## What is required
In the listing below, locate the line containing "磁気腸蚊翠風(極品) 短寸 バラ詰" and copy it and every line after it through the end, exactly as written, leaving out any pictures.

## Data shown
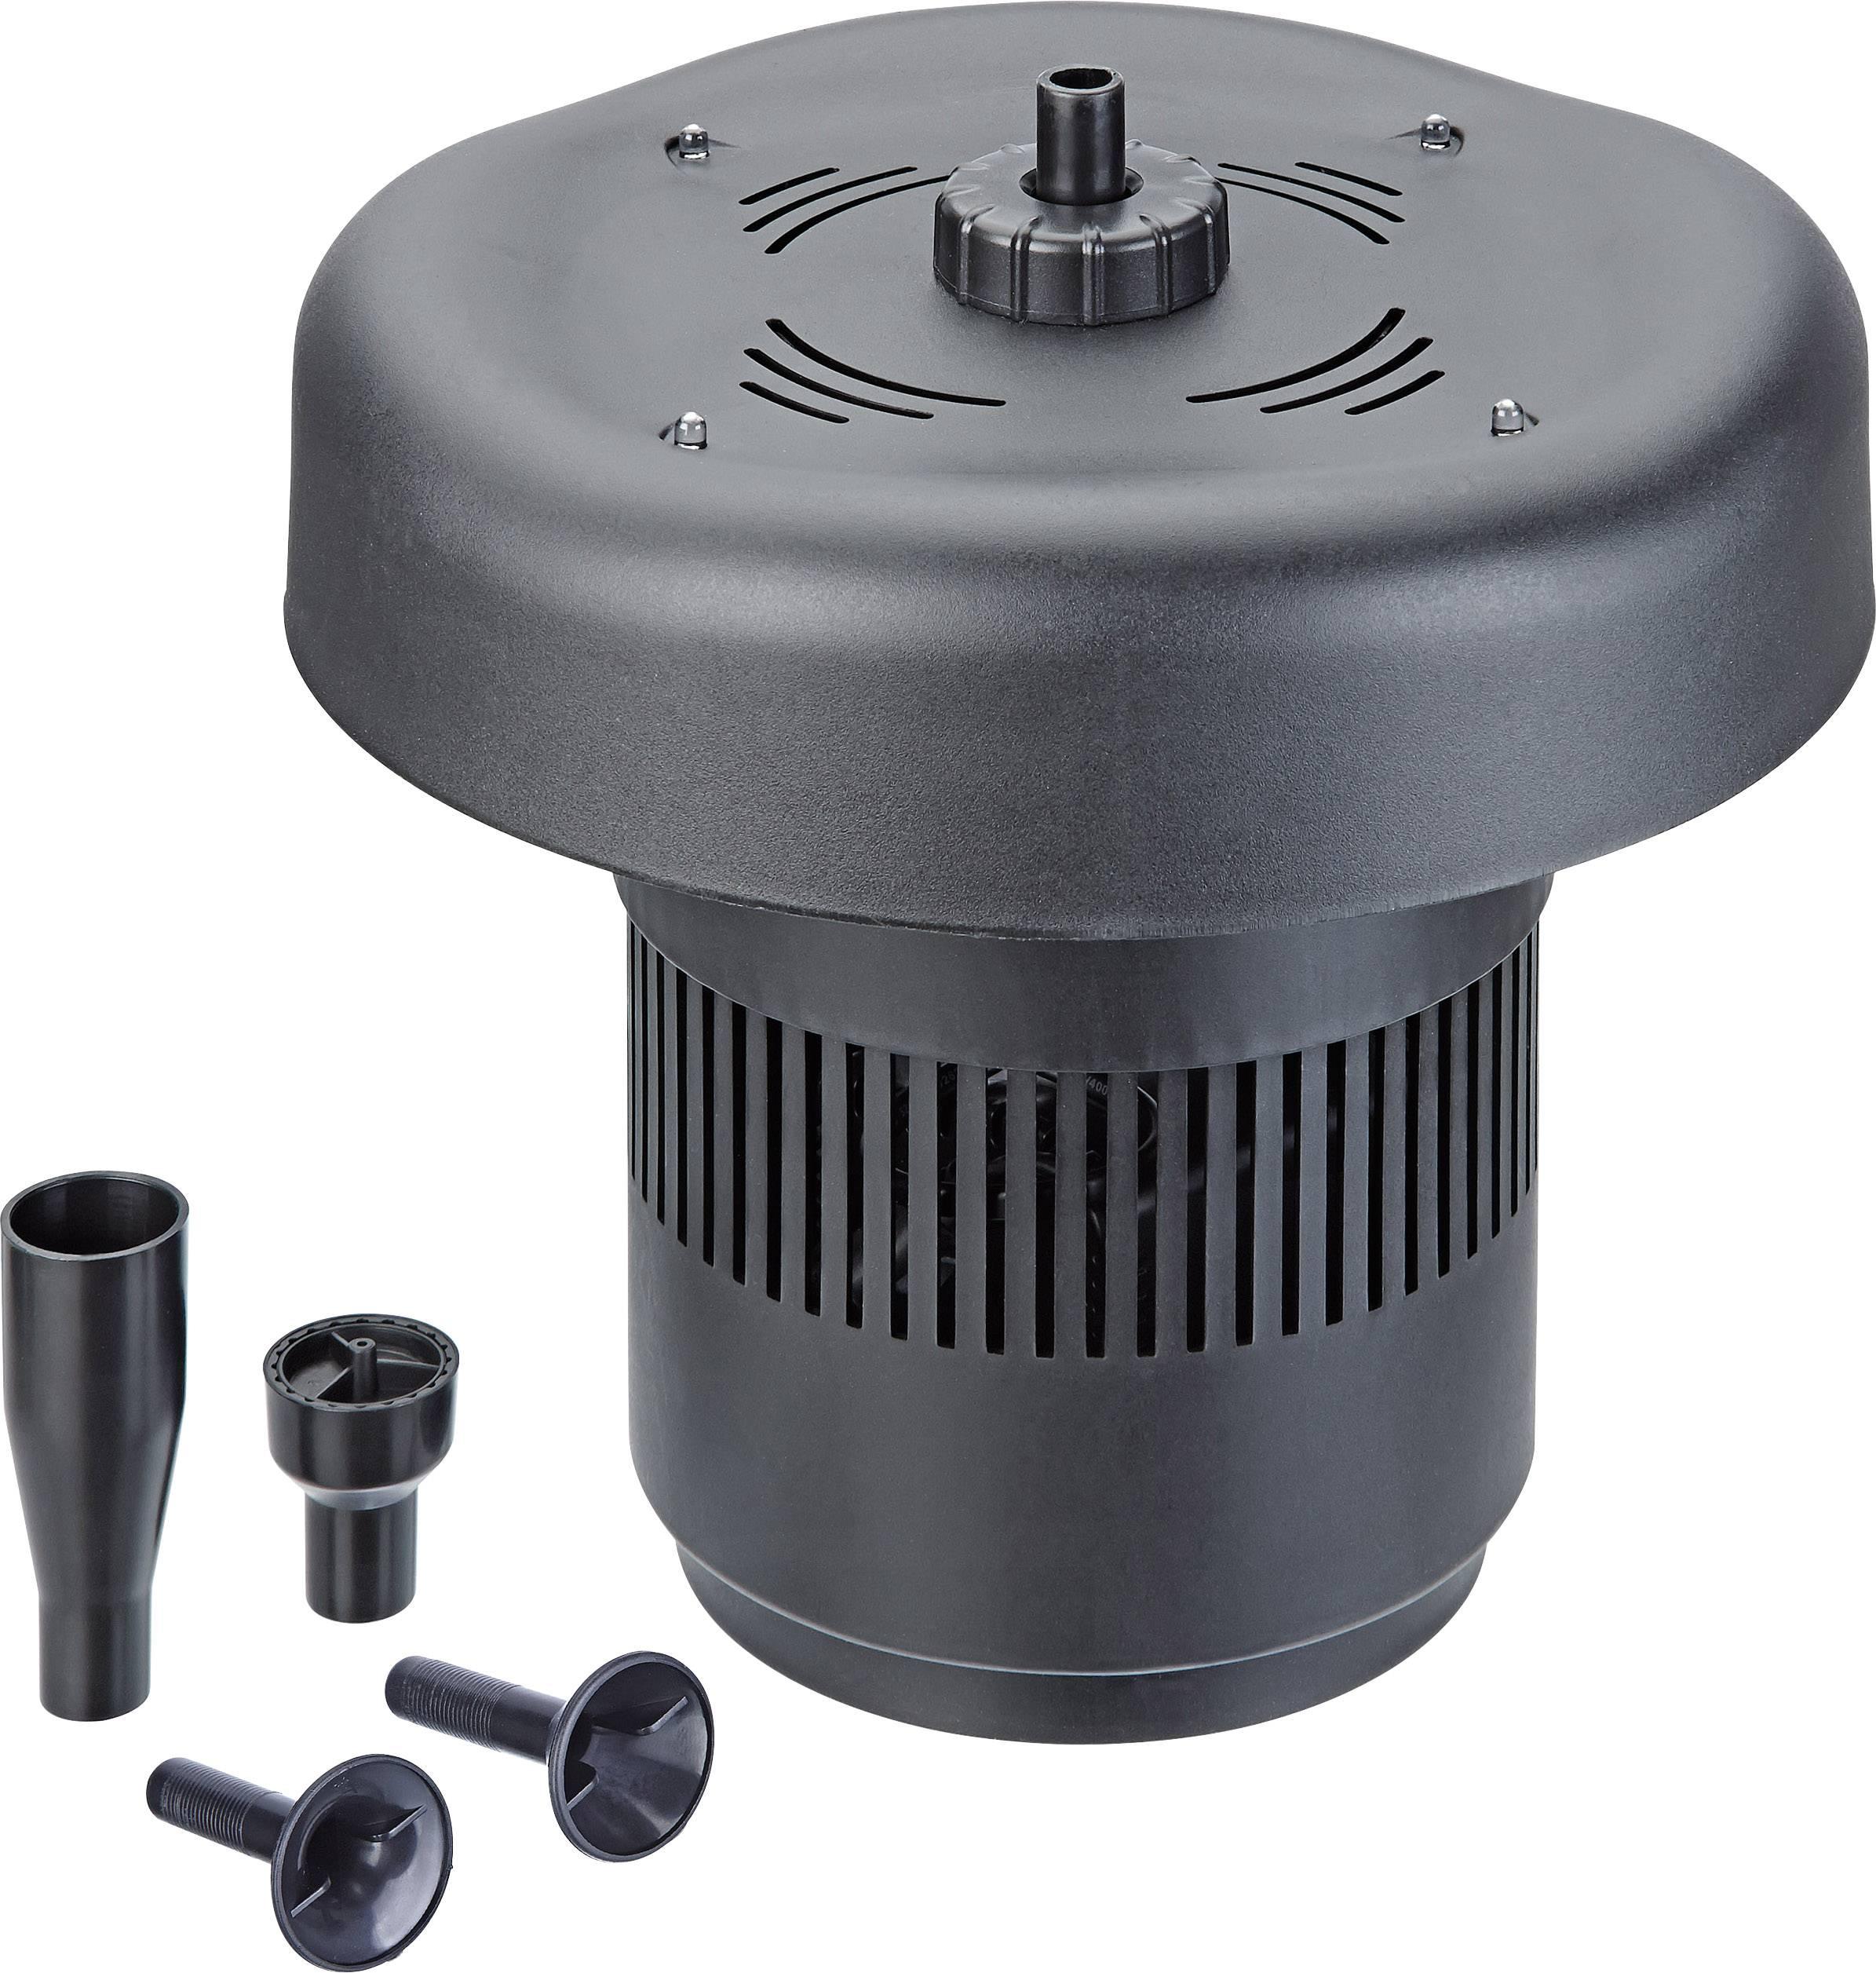 Filterpomp Pontec Met UVC-zuiveringsapparaat, Met verlichting 1200 l ...
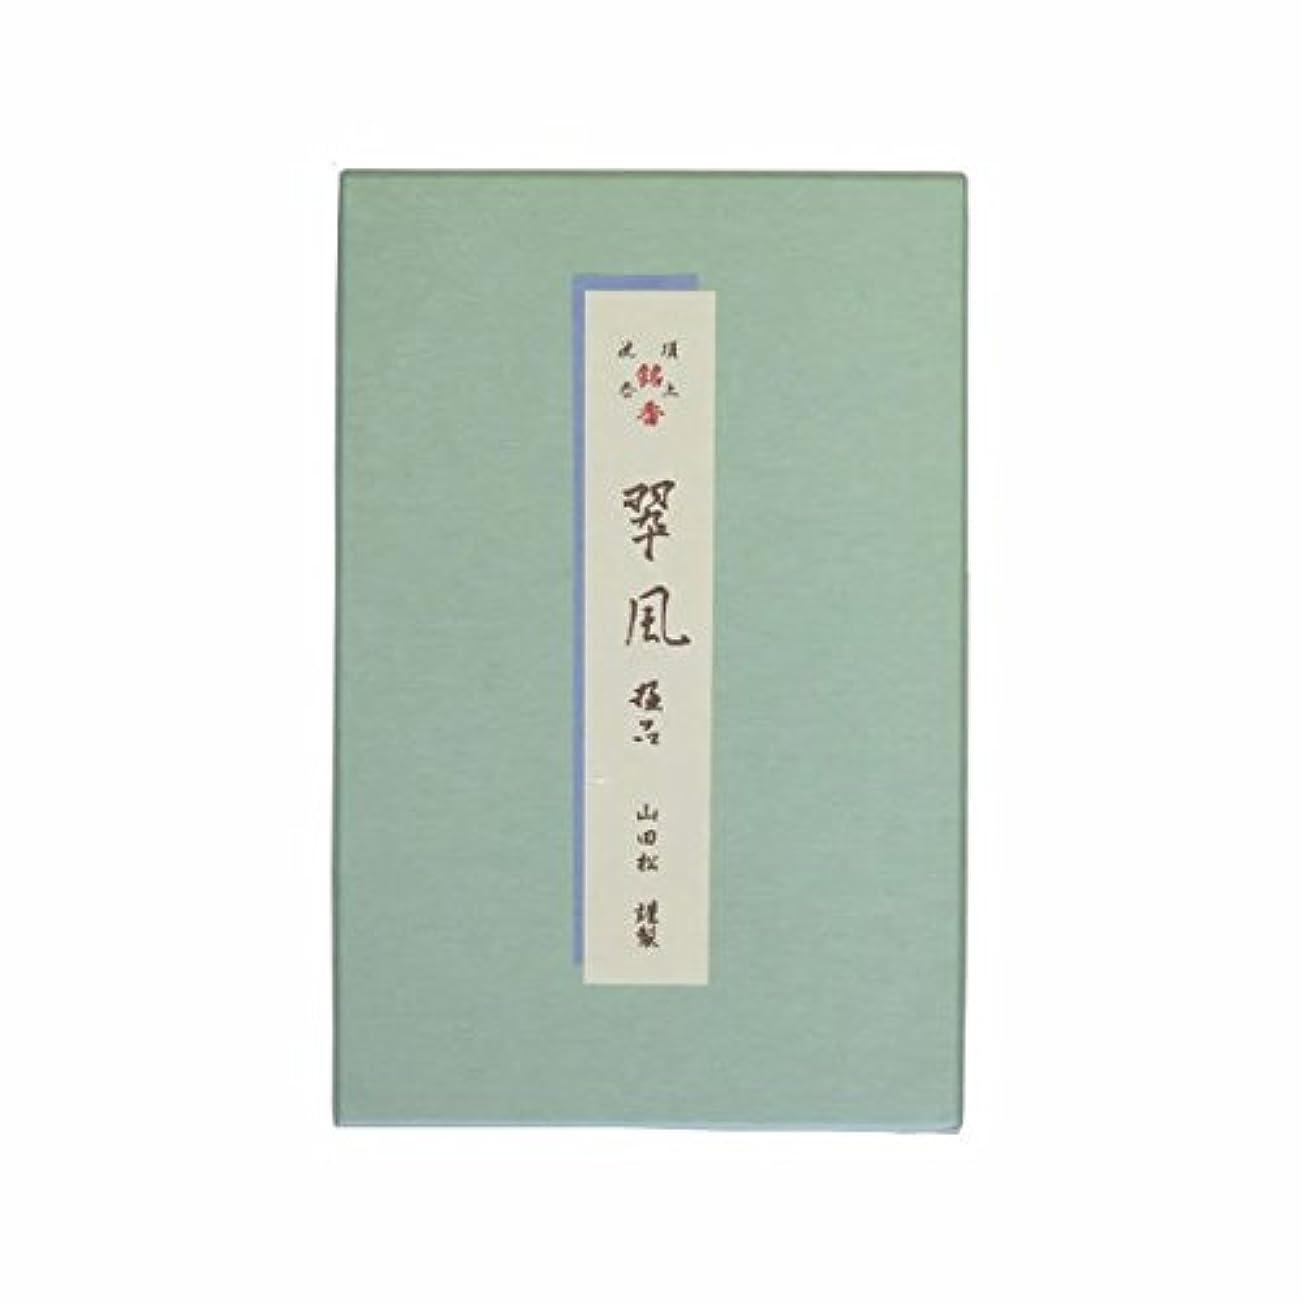 磁気腸蚊翠風(極品) 短寸 バラ詰
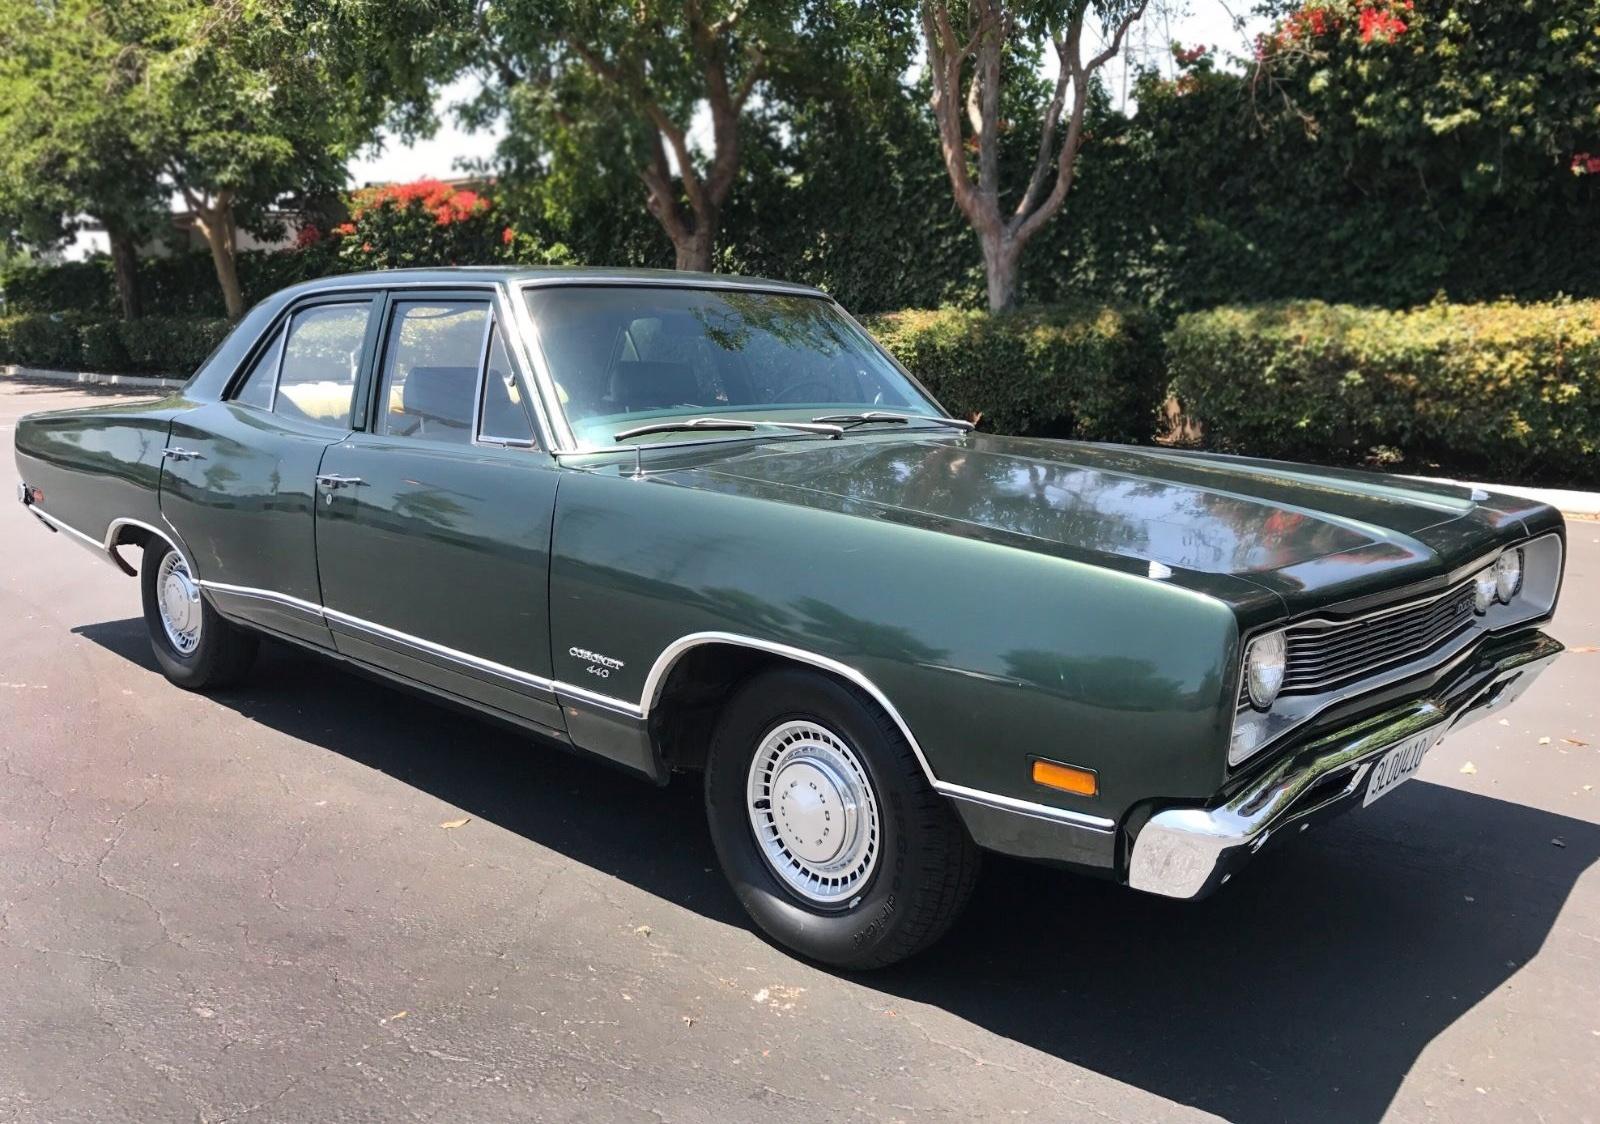 Dodge Models List >> Beautiful B-Body: 1969 Dodge Coronet 440

## Result of the task
 磁気腸蚊翠風(極品) 短寸 バラ詰
 Dodge Models List >> Beautiful B-Body: 1969 Dodge Coronet 440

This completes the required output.